--- START ---

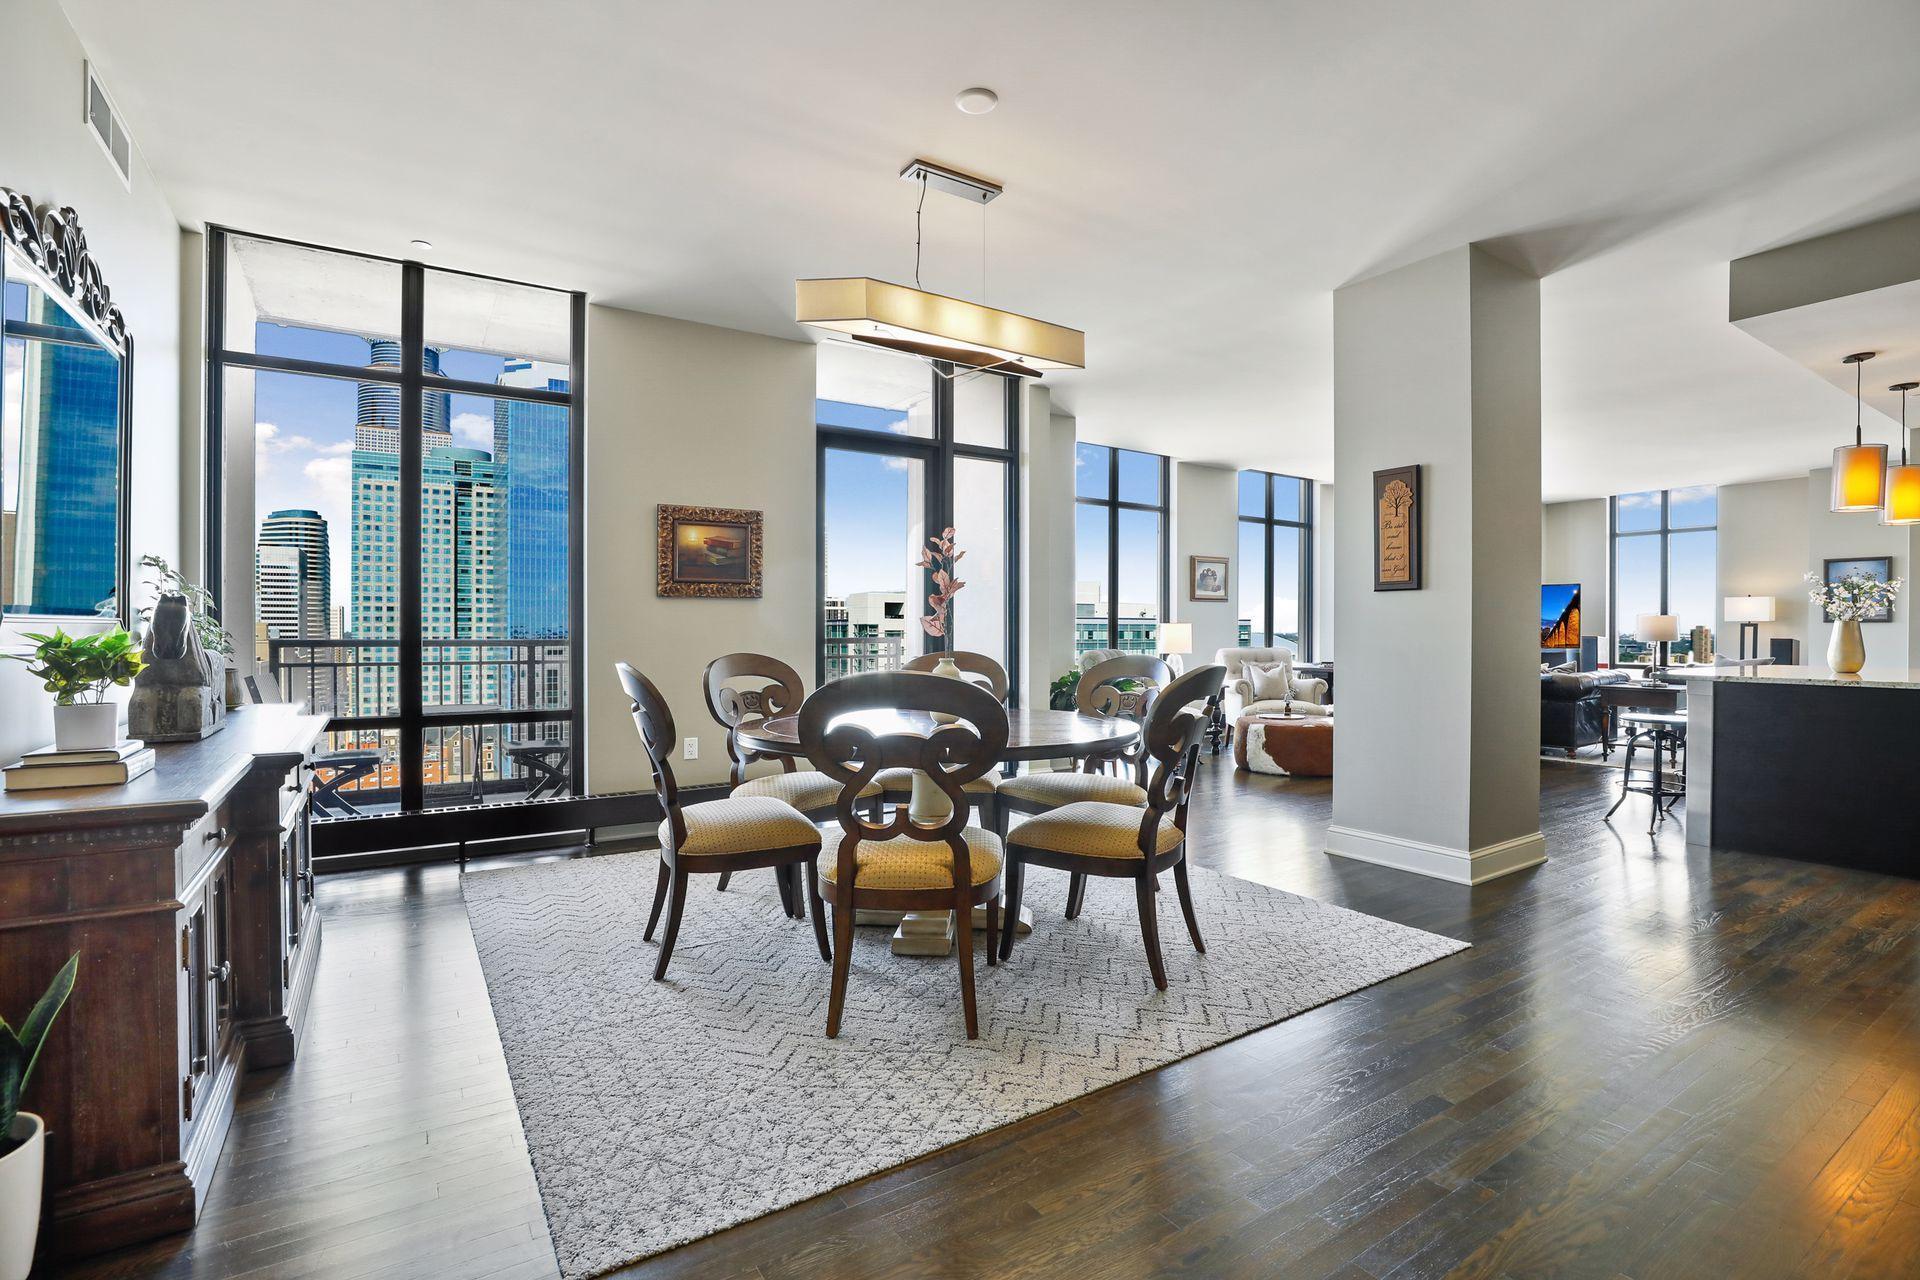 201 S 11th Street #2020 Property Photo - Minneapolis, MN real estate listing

--- END ---
--- START ---

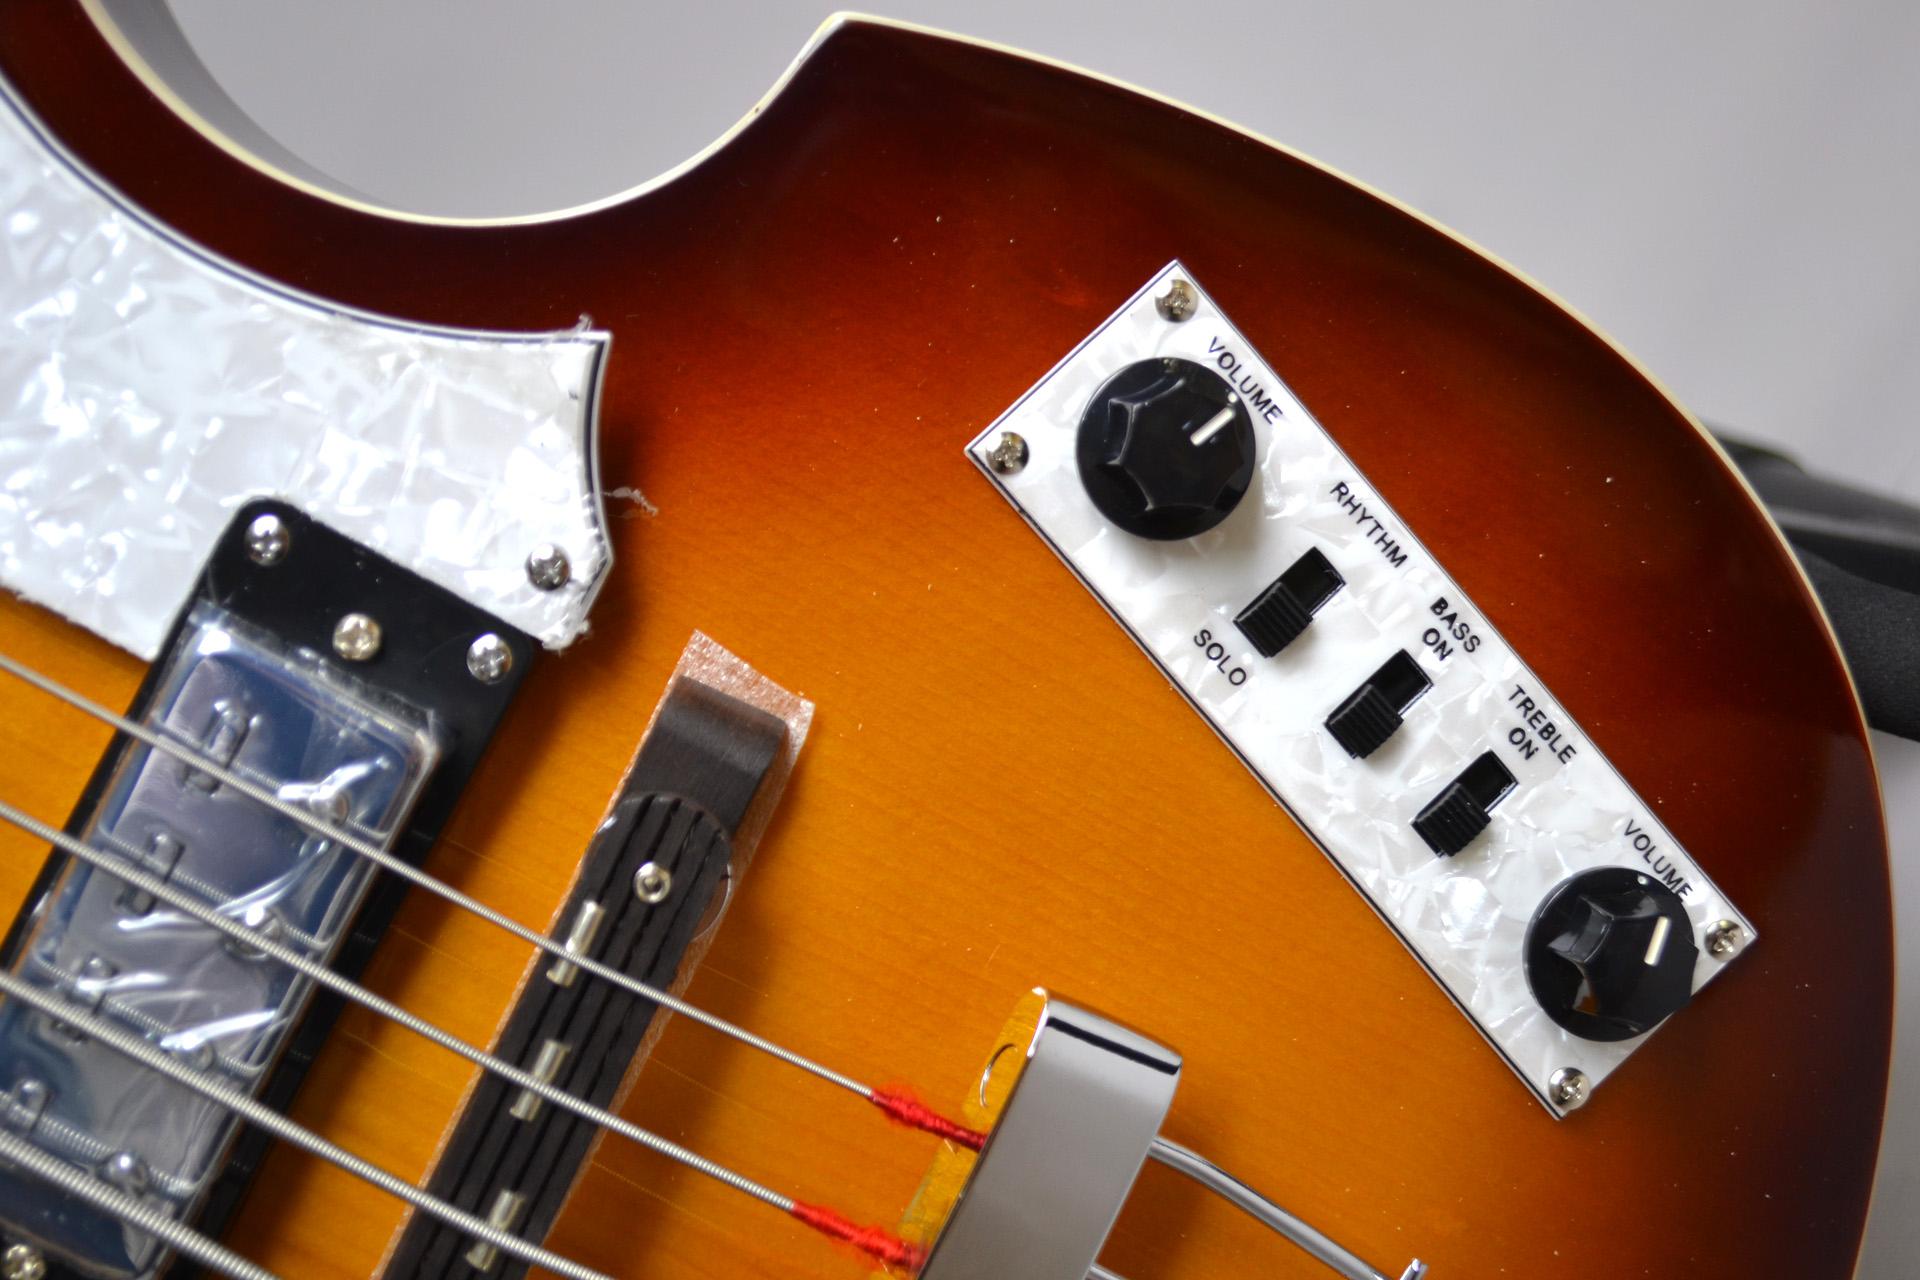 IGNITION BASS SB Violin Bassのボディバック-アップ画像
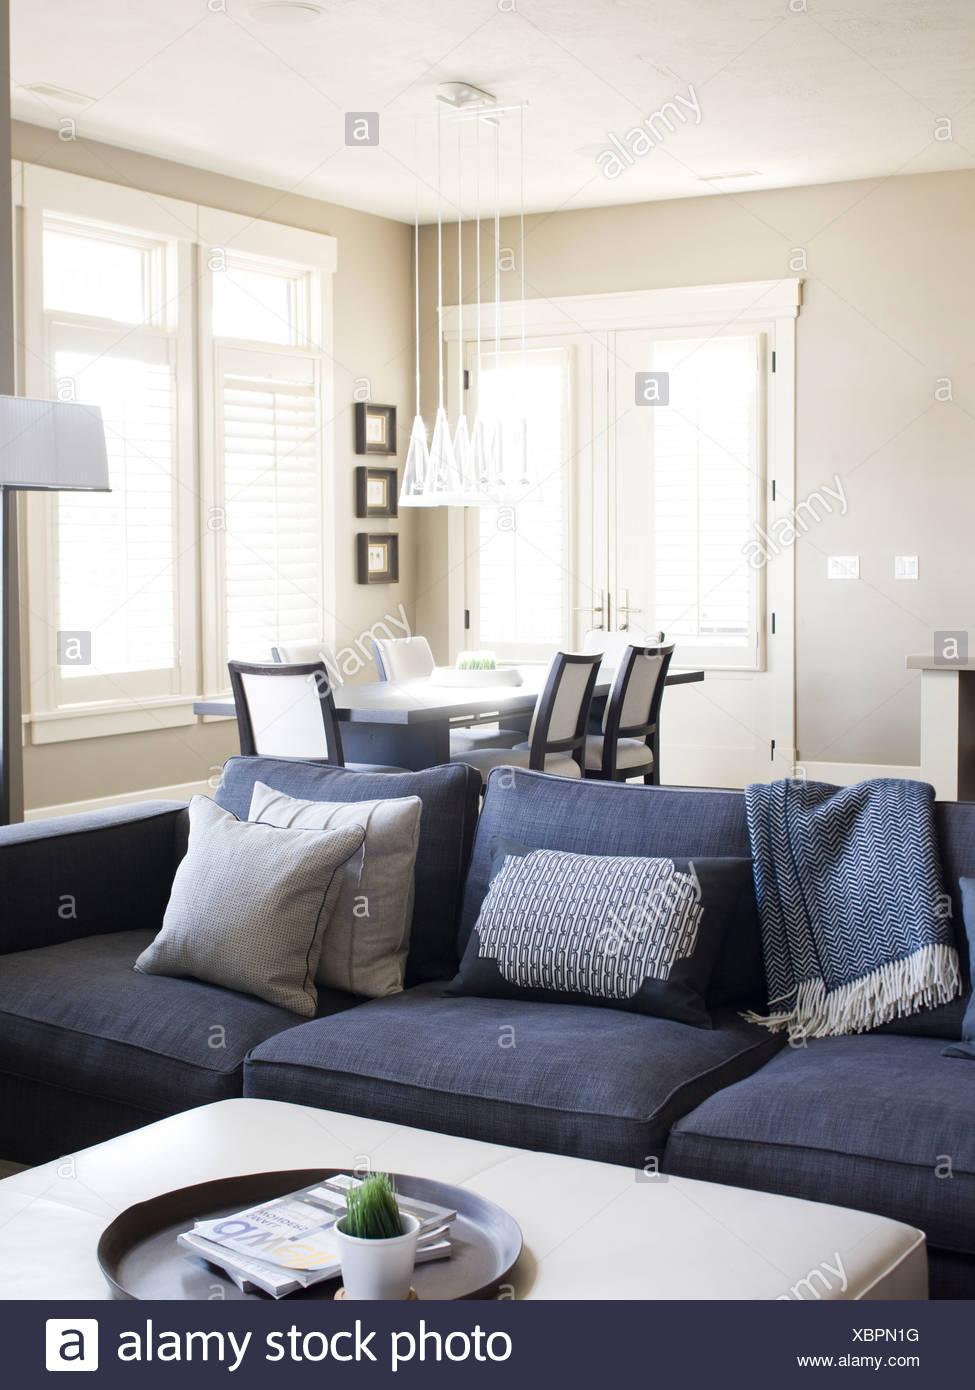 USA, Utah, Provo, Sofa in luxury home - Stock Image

--- END ---
--- START ---

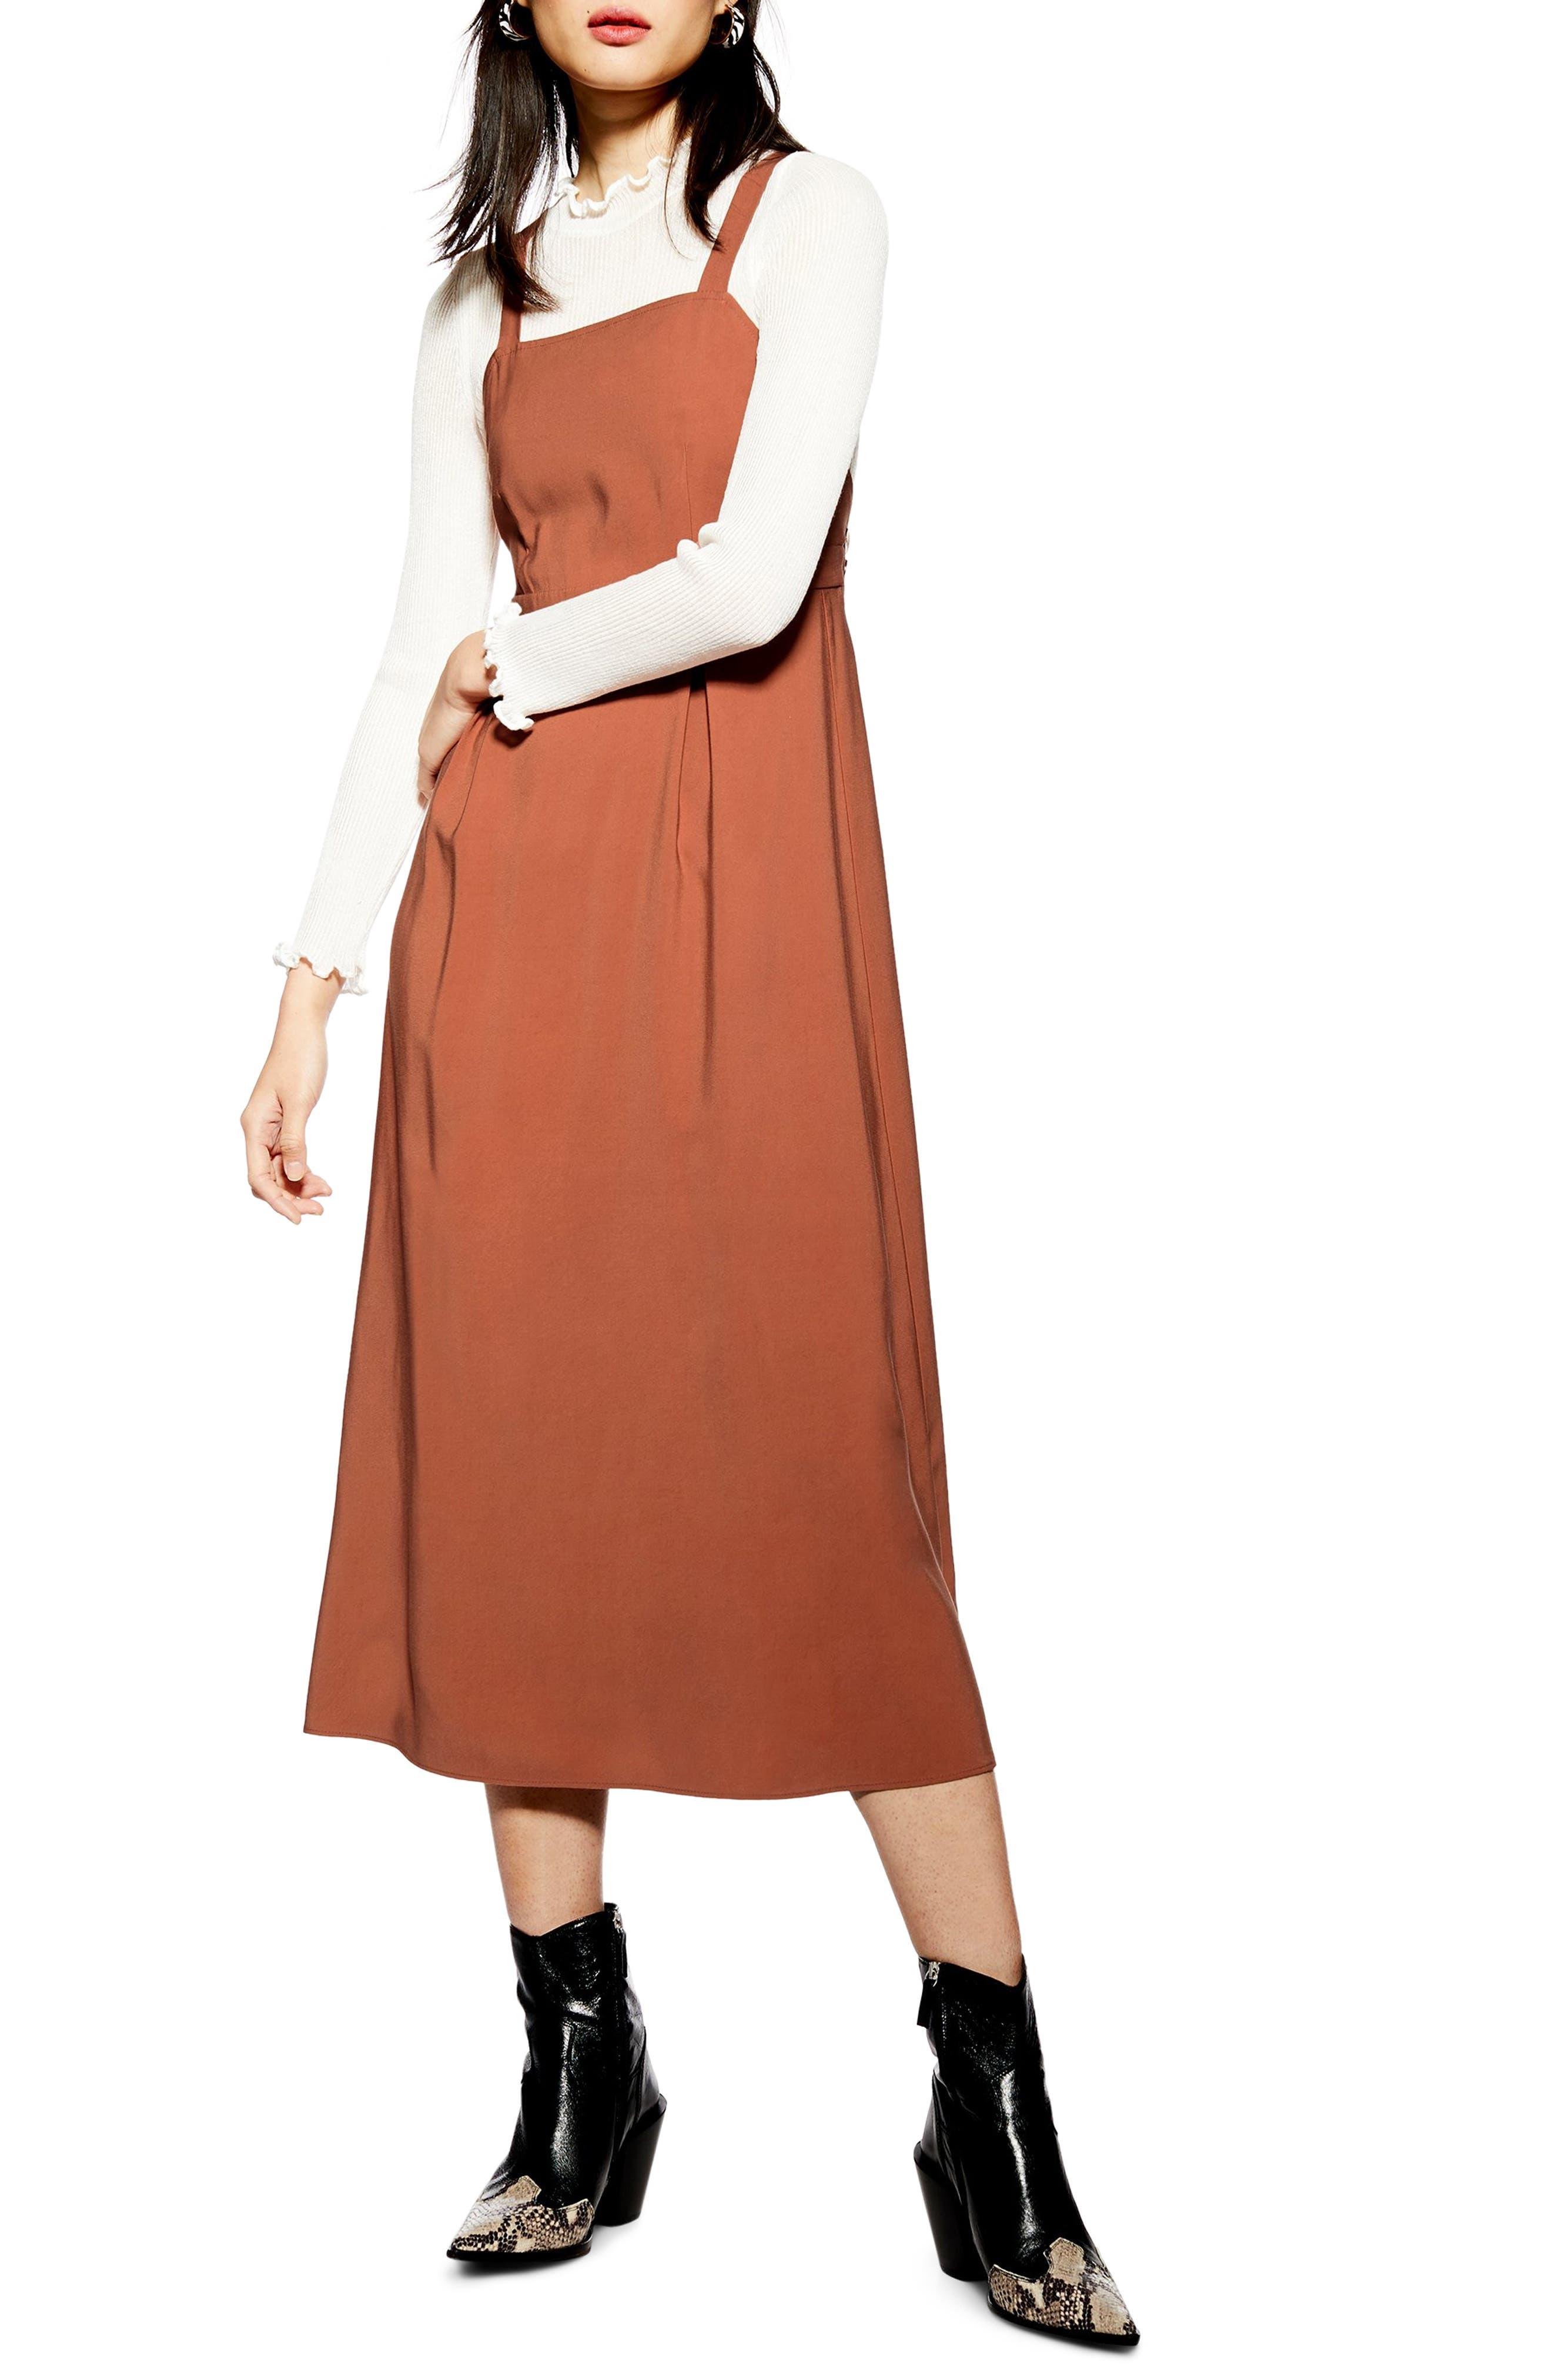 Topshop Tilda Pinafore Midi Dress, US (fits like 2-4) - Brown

--- END ---

_Instructions for the task_: Quote the data above exactly from the line with "IGNITION BASS SB Violin Bassのボディバック-アップ画像" to the line with "USA, Utah, Provo, Sofa", both ends counted, and nothing else. Pictures don't go in.

_Output below_:
 IGNITION BASS SB Violin Bassのボディバック-アップ画像
 USA, Utah, Provo, Sofa in luxury home - Stock Image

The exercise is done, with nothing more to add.